Created attachment 422657 [details] failed and successful wgets for novell.com
I assume 'wget -4' just tells getaddrinfo to use AF_INET and not both, so glibc returns only the IPv4 address. Or something like that? In any case, I can't see the nameserver returning any valid IPv6 results for anything in these packet captures, but it does return IPv4 results. /etc/resolv.conf is: # Generated by NetworkManager nameserver 192.168.1.254 and my glibc version is: glibc-2.12-2.x86_64
Created attachment 422659 [details] failed and successful wgets for novell.com (with only dns packets)

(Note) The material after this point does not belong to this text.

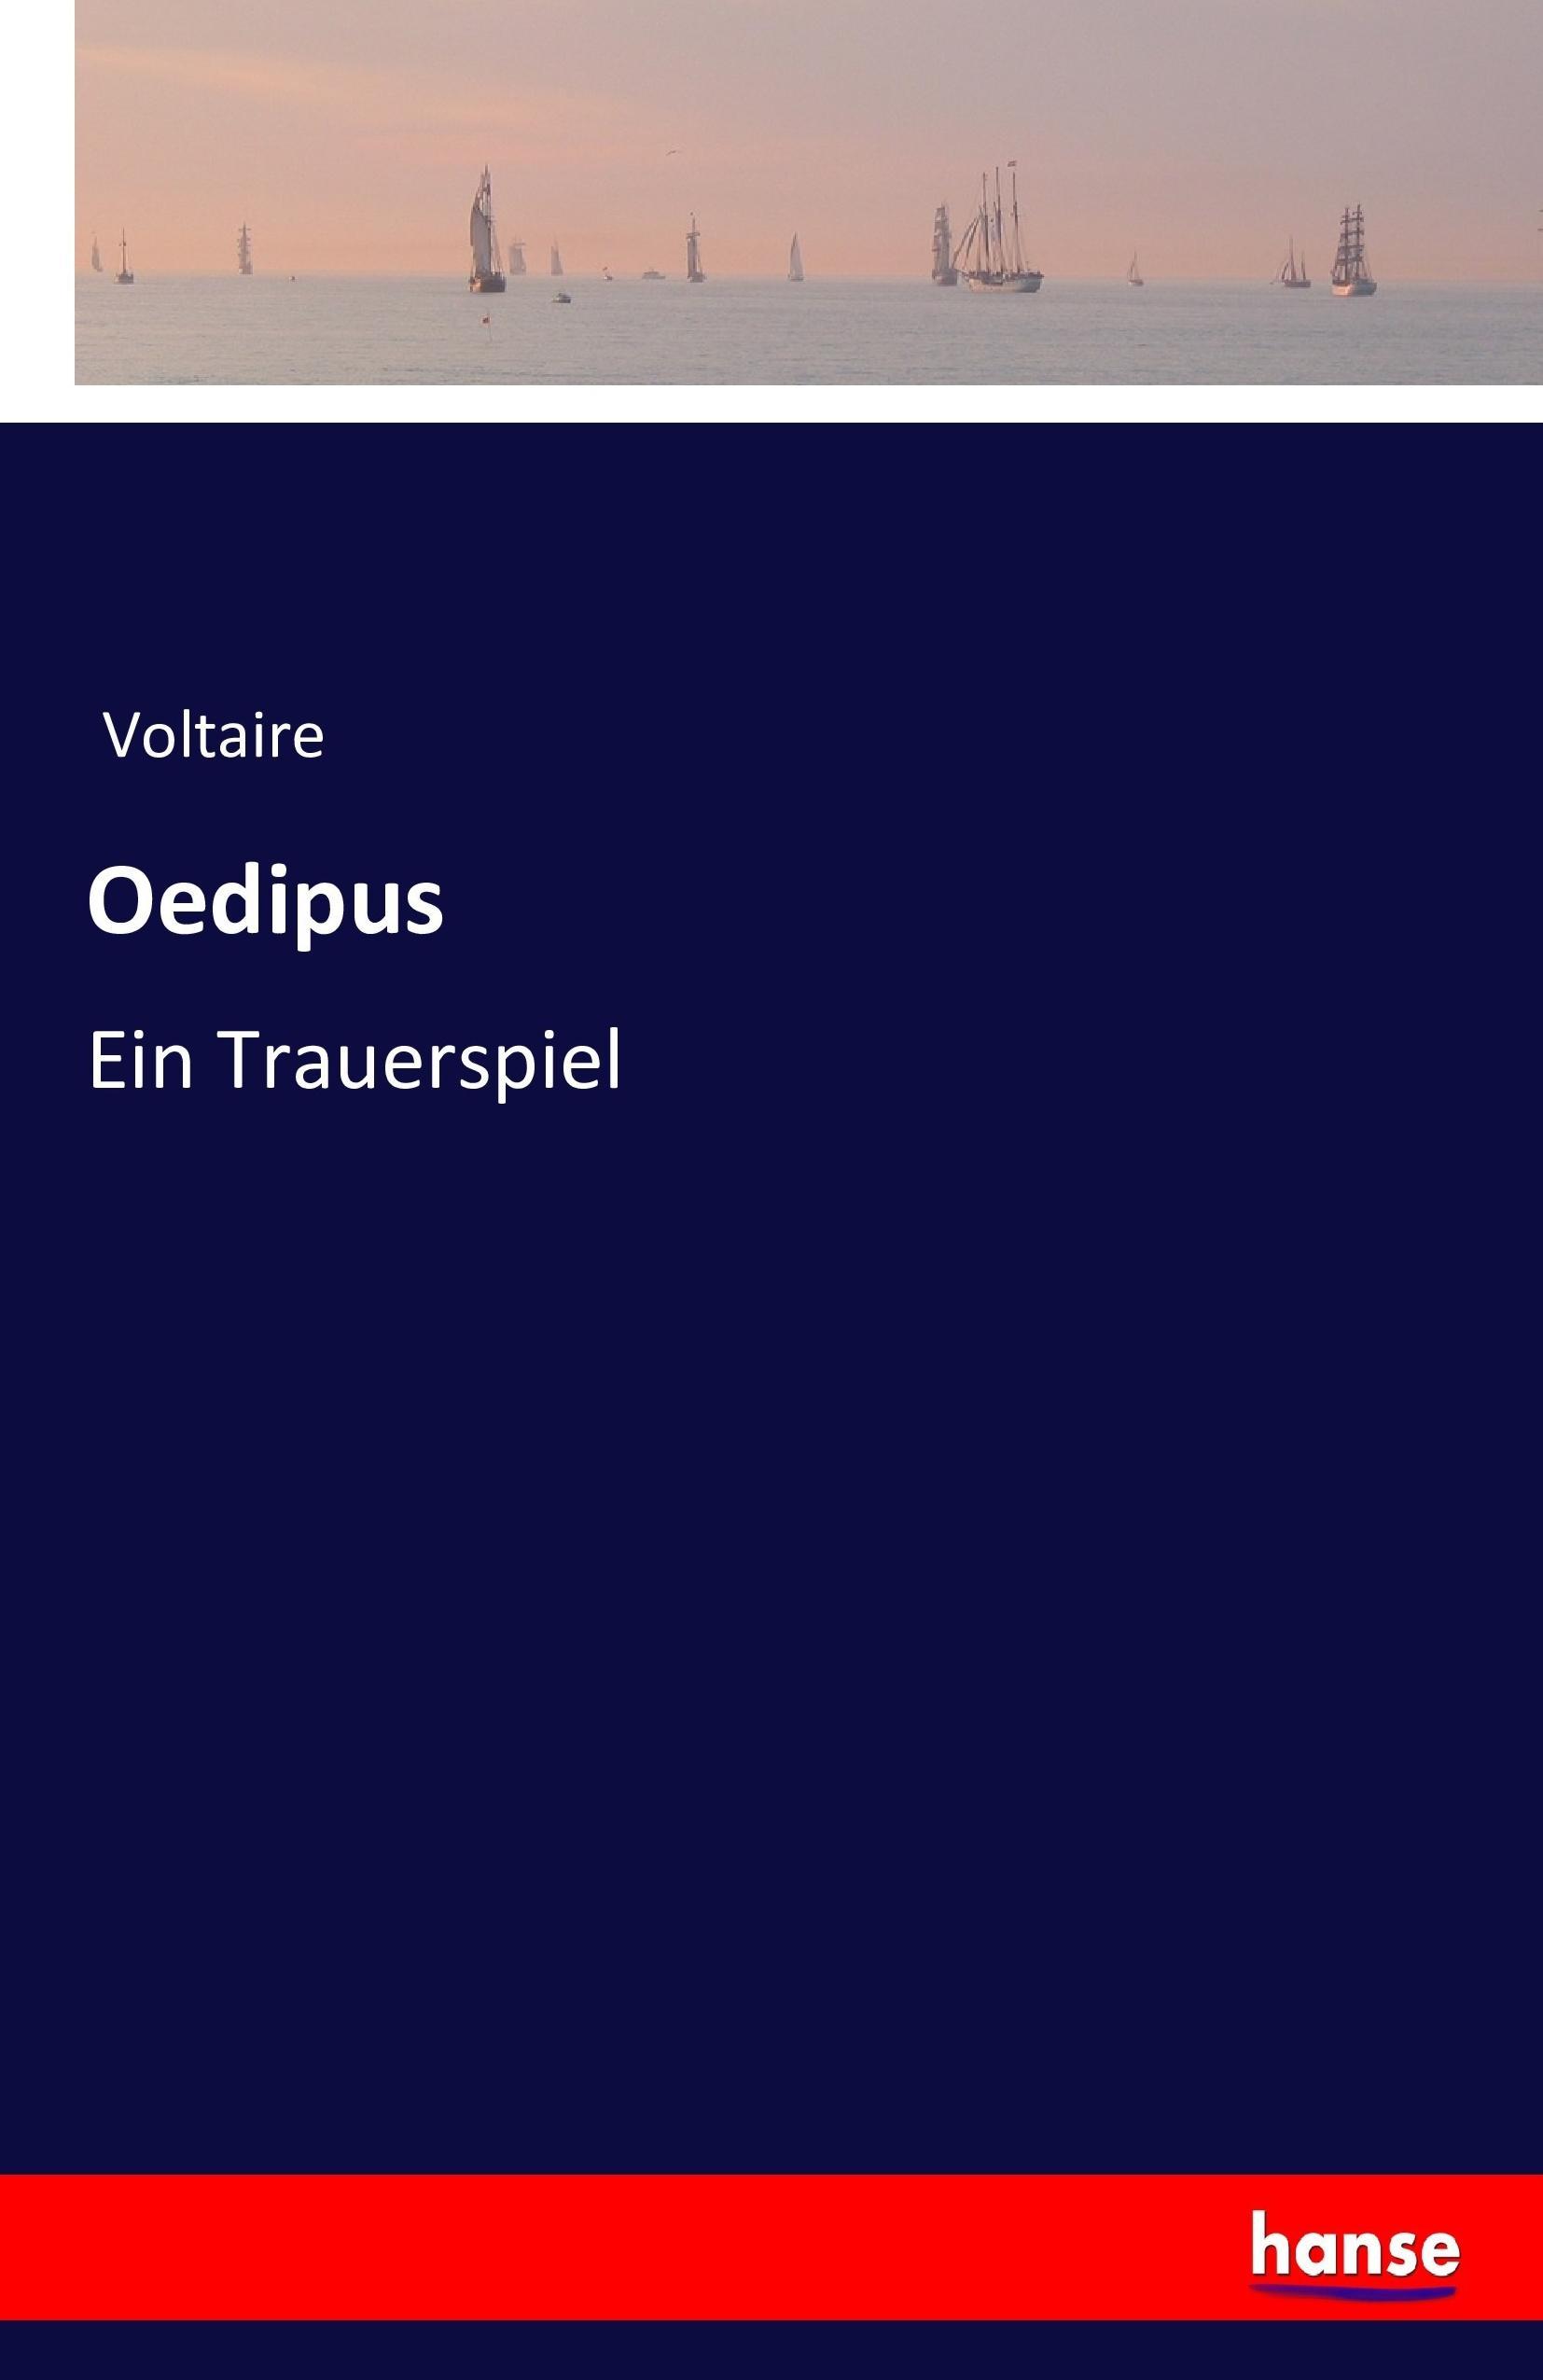 Oedipus | Ein Trauerspiel | Voltaire | Taschenbuch | Paperback | 92 S. | Deutsch | 2016 | hansebooks | EAN 9783743360730 - Voltaire

Created attachment 422662 [details] successful DNS request from RH's DNS servers using openvpn on the same machine
It's pretty clear that the AP kinda sucks, but I thought that if IPv6 wasn't enabled on any interfaces, that glibc wouldn't try requesting AAAA records or something like that? That's sub-optimal though since by default most people will have at least an IPv6 LL address, so maybe it would make more sense to not request AAAA records unless at least one interface has a non-LL address.
Setting the hostname to 'localhost' to suppress glibc's queries for lwn.net.localdomain doesn't work either. Seems like the problem is that the DNS server doesn't actually return any answers for the AAAA query though it says "success"?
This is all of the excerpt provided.